With more than 35.8 million vehicles using the bridge every year, it is the third busiest in Canada and it’s not restricted to cars and buses. A sidewalk on one side of the bridge caters for pedestrians and cyclists while on the opposite side there’s a pedestrian only walkway. With amazing views of the river and the city, we knew this was going to be a walk with a difference.

Our walk began on the approach viaduct, where only a low cement wall separated us from five lanes of traffic. At the start, the sidewalk seemed as busy as the road. We had to be careful to stay on the right and listen for the warning bells as cyclists came up behind us.

Further along it became less busy, as those on bicycles hurtled past and regular walkers hurried on their way. We dawdled, admiring the views of the city, picking out familiar landmarks and watching as ferries and boats passed far below.
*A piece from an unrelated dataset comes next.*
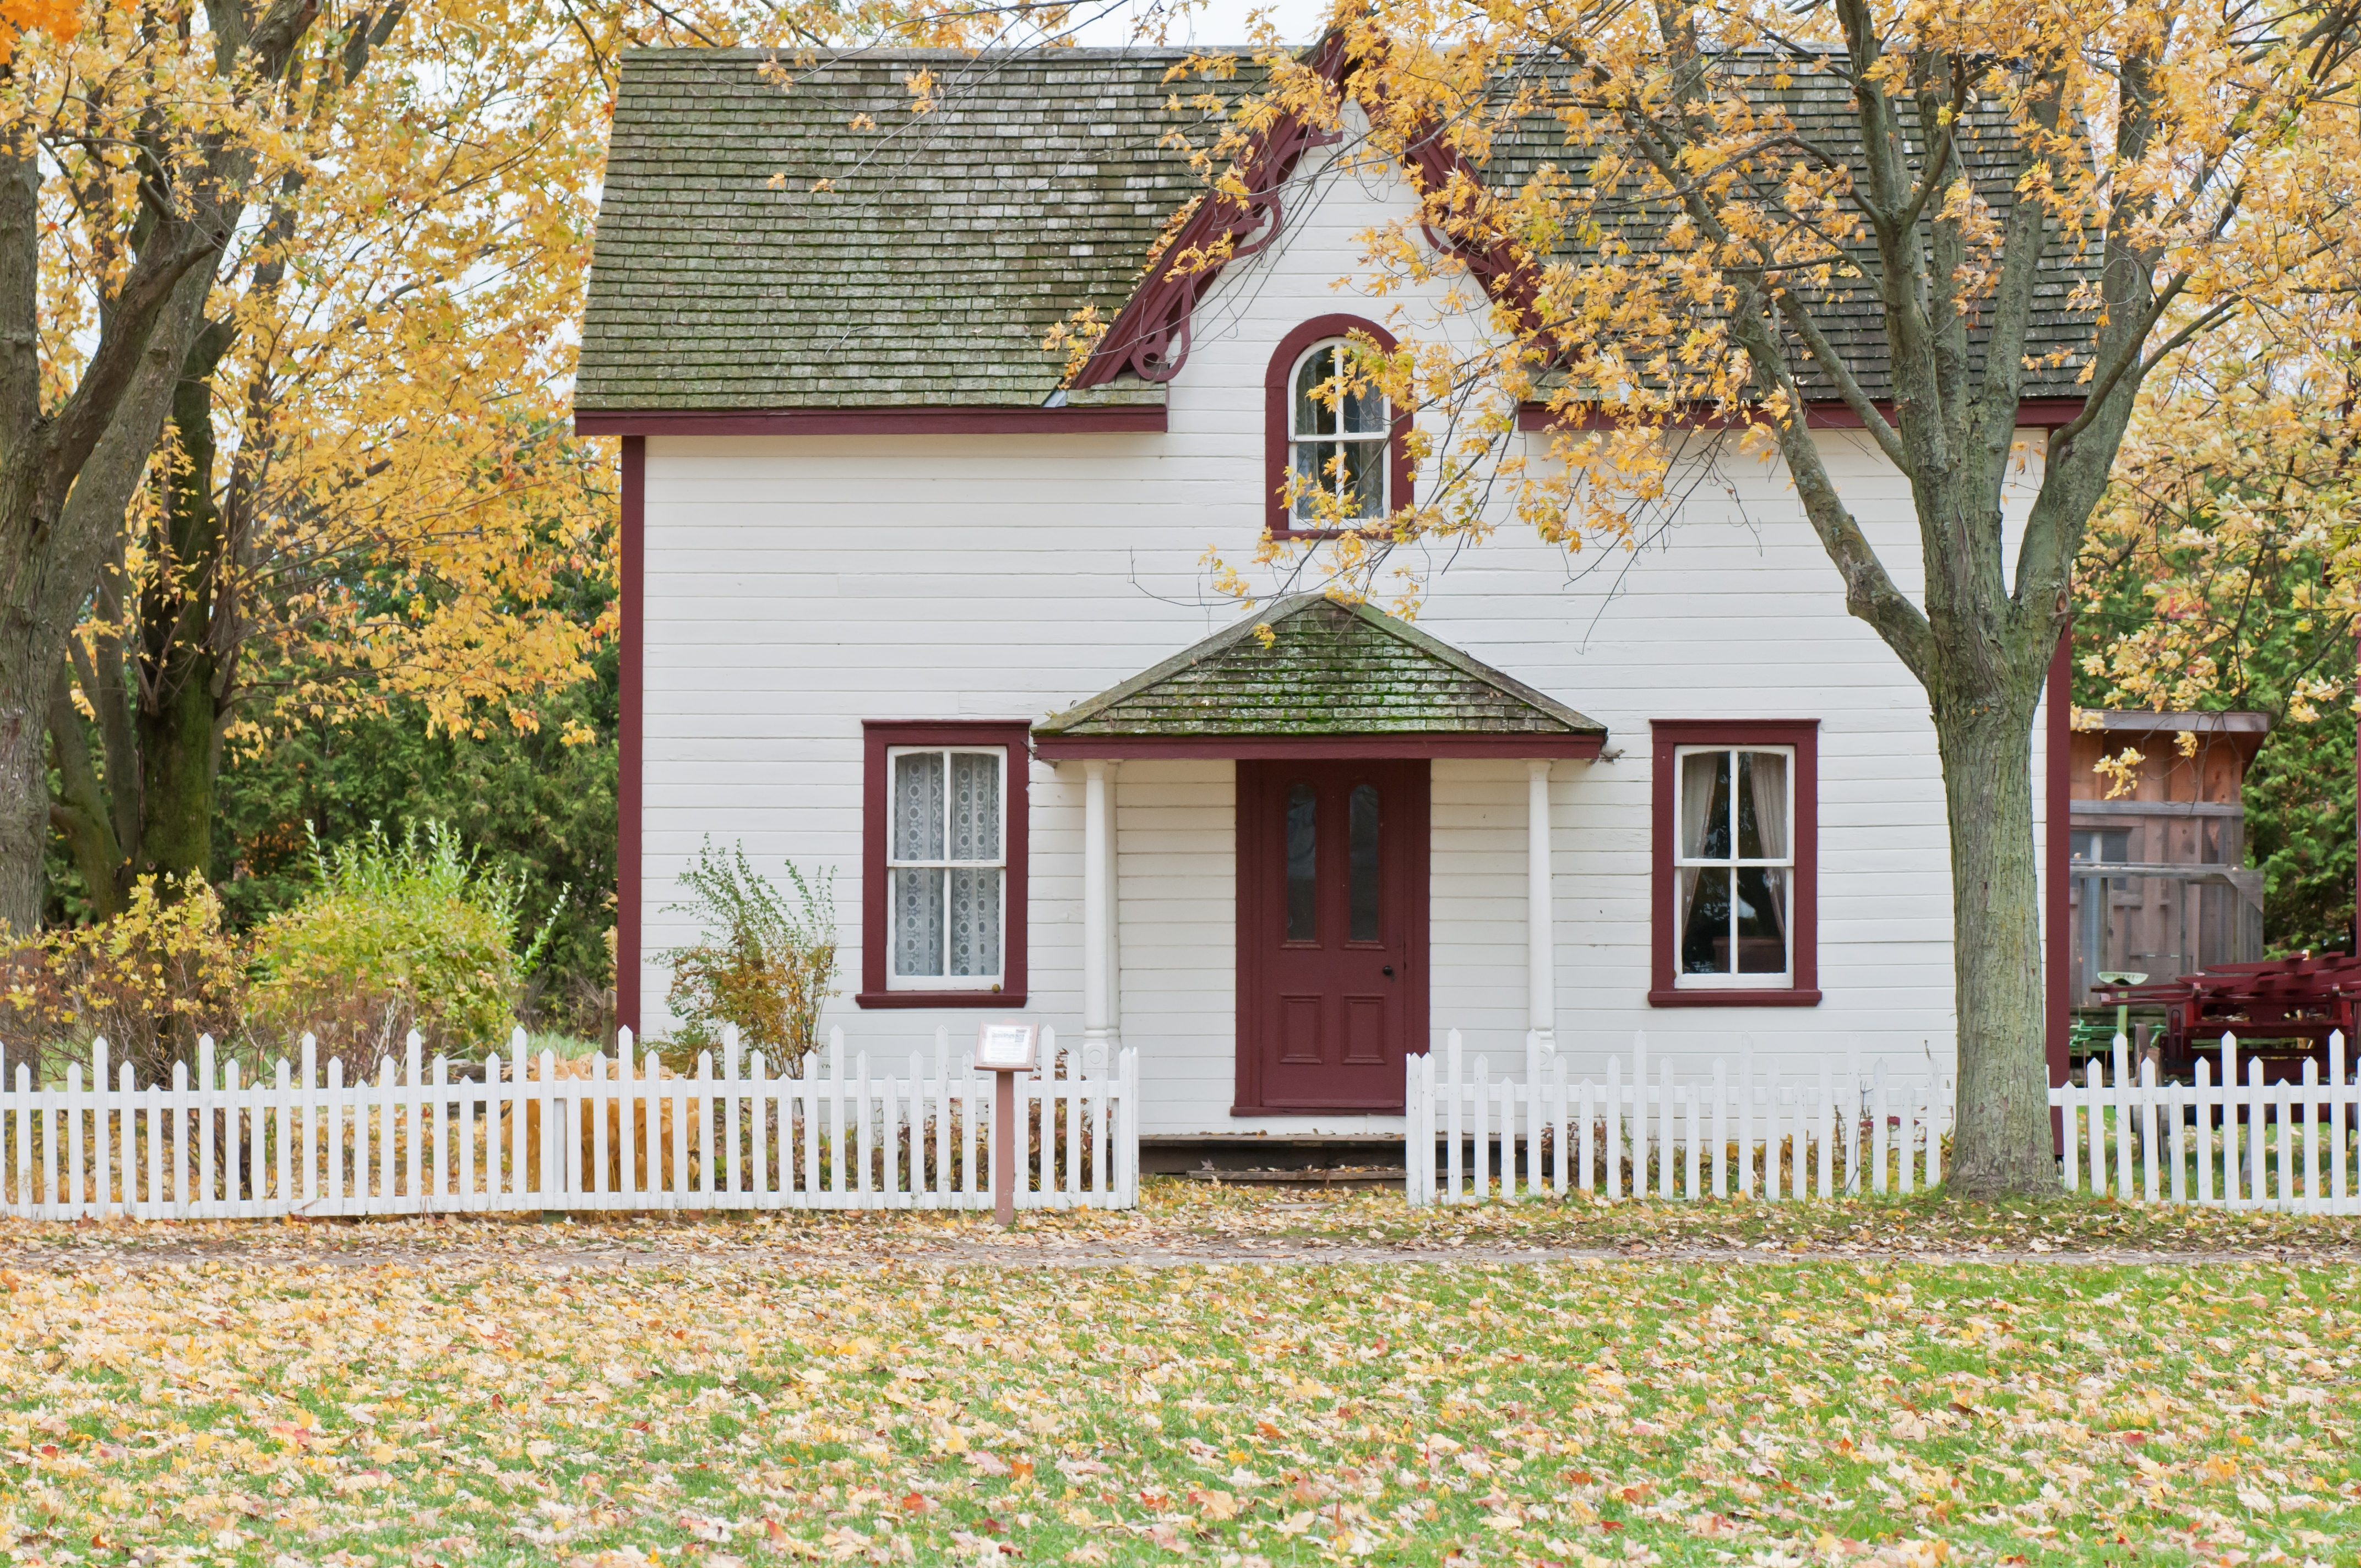 Der er fart på boligmarkedet i Skovlunde - men brug alligevel en boligadvokat

The views above us, of the huge steel trusses crosshatched against the blue sky, were equally as impressive.

Around the halfway mark where the bridge passes over St Helen’s Island, we came to a doorway leading to a staircase. We assumed the steps would take us down to ground level where we expected to find a corresponding staircase in the opposite pylon.
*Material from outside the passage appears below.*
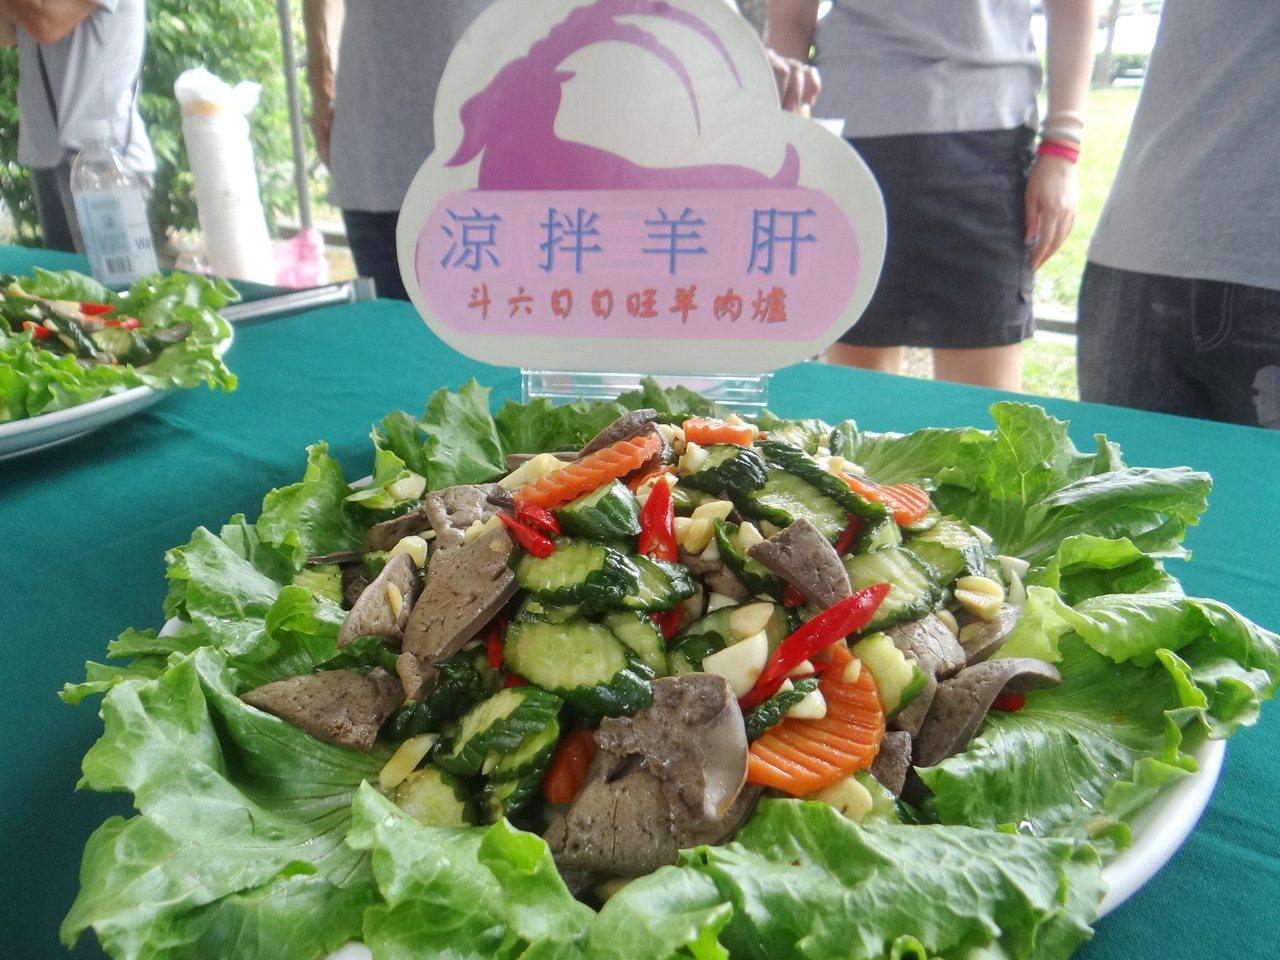 冷拌羊肝細嫩爽口,夏天最佳的小吃羊料理。記者蔡維斌/攝影

Instead, the steps went down just one level. An enclosed walkway one floor below the road was decorated with a colourful timeline of the bridge’s construction. Again we took our time, learning more about the history of the bridge.

At the far end, we climbed up the stairs to the pedestrian only sidewalk. With no need to keep an eye out for cyclists, we could stop at any time to enjoy more views of the river and the city. From our elevated position we heard the screams of people on the rollercoasters at a nearby fun park.

As we left the bridge and walked once more along the approach viaduct, we stopped and turned back for one last look. Luckily, with an pedestrian underpass nearby, we didn’t have to brave the traffic to cross the road!